Si è tenuto oggi, 11 aprile, presso la sede di Palazzo Pacanowski dell’Università degli Studi di Napoli “Parthenope”, il convegno “L’Impresa del Bello – L’innovazione come strategia di valorizzazione dei beni culturali”, organizzato dal Dipartimento di Studi Aziendali e Quantitativi (DISAQ) nell’ambito delle attività del Progetto di Eccellenza 2023-2027.
L’incontro, a partire dalle ore 9.30, ha rappresentato un’importante occasione per presentare le attività di didattica di elevata qualificazione, ricerca e terza missione sviluppate dal Dipartimento nel corso del primo anno del progetto, offrendo al contempo uno spazio di confronto sui temi che ne orientano le attività presenti e future.
Ad aprire i lavori sono stati i saluti istituzionali del Magnifico Rettore, prof. Antonio Garofalo, e della Direttrice del Dipartimento, prof.ssa Francesca Perla. A seguire, il prof. Francesco Calza, Responsabile del Progetto di Eccellenza, ha introdotto le attività e le prospettive di sviluppo del DISAQ nell’ambito del progetto.
A partire dalle ore 10.30, la tavola rotonda “L’Impresa del Bello – L’innovazione come strategia di valorizzazione dei beni culturali” ha animato il confronto sul ruolo dell’innovazione e dell’imprenditorialità nella valorizzazione del patrimonio culturale e artistico. Un dialogo arricchito dalle testimonianze di Tiziana D’Angelo, Carolina Botti, Vincenzo Abbatantuoni e Marco Velludo, personalità di rilievo del mondo delle istituzioni e della cultura, dell’imprenditoria e dell’informazione. A moderare l’incontro è stato Massimo Cerofolini, giornalista e Capo Servizio Rai.

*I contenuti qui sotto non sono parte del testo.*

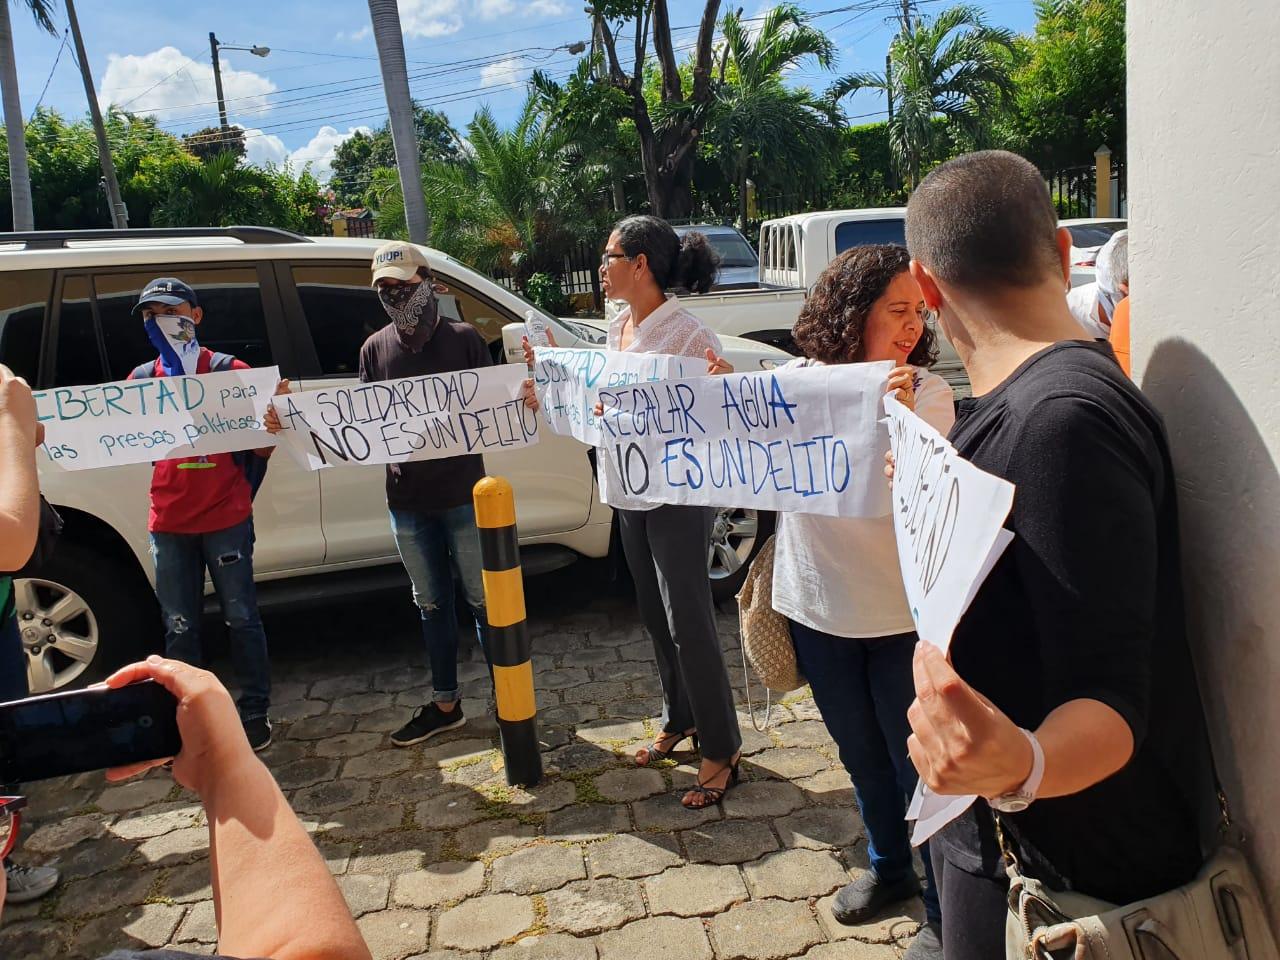 Realizaron un piquete exprés en demanda de la libertad de todos los presos políticos. Foto: Álvaro Navarro / Artículo 66
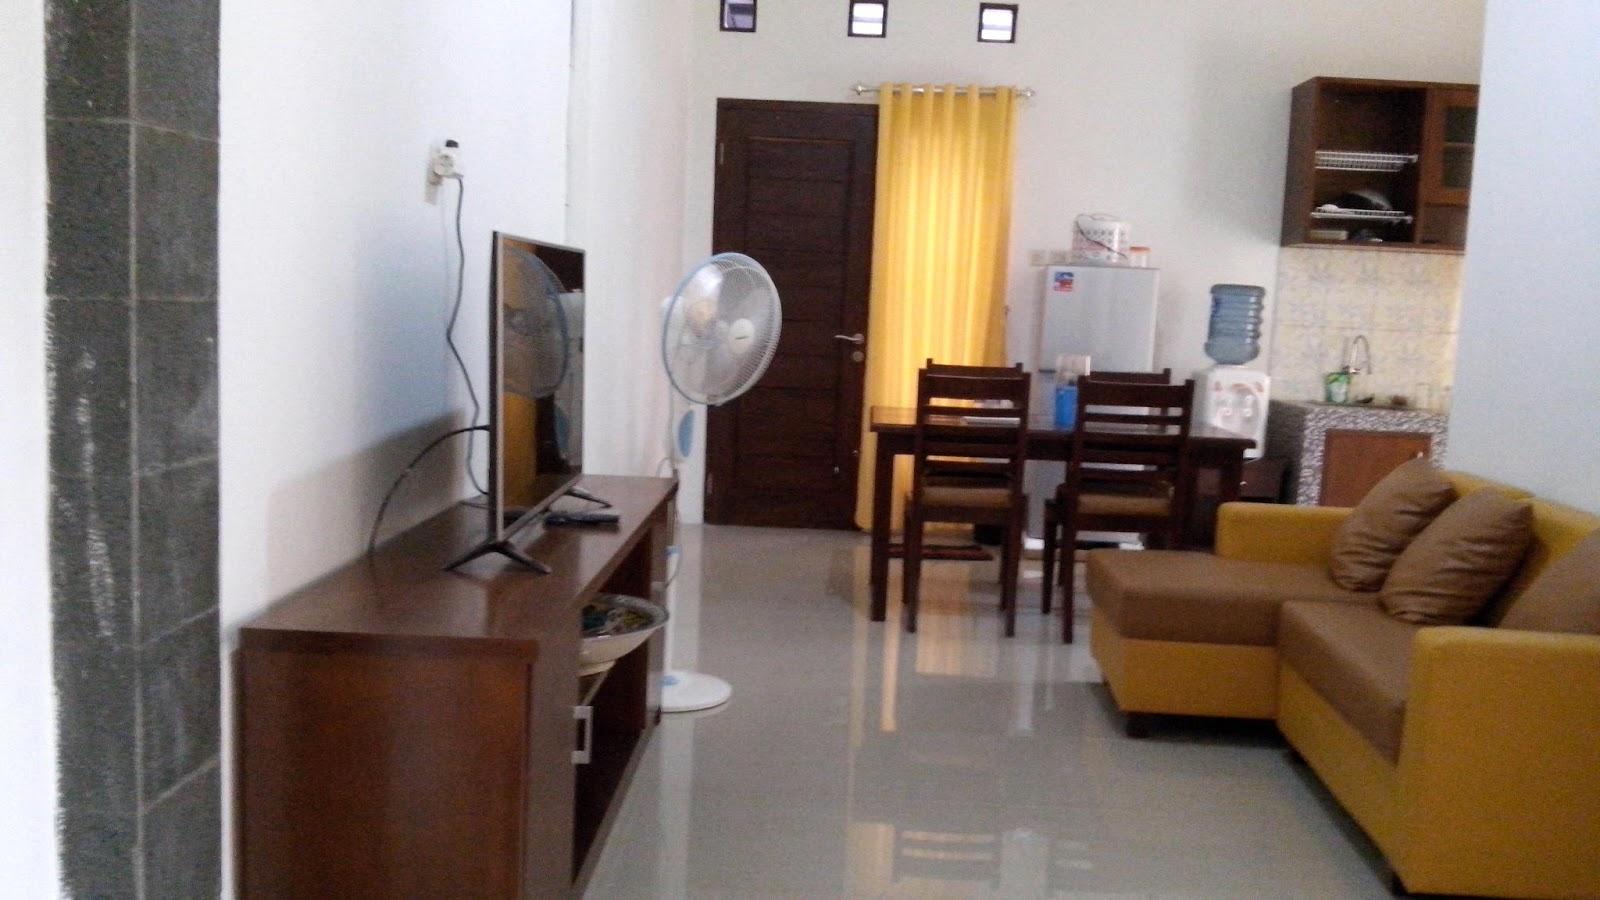 3 Kamar Tidur Dengan AC 2 Mandi Salah Satu Dalam TV Di Ruang Keluarga Meja Makan Dapur Perlatan Masak Lengkap Rice Cooker

La tavola rotonda ha offerto un’importante occasione di scambio e confronto su un tema di crescente rilevanza per istituzioni e imprese: la capacità di innovare e fare impresa come strumento per valorizzare il patrimonio culturale e artistico, riconoscendone il valore non solo culturale, ma anche sociale ed economico.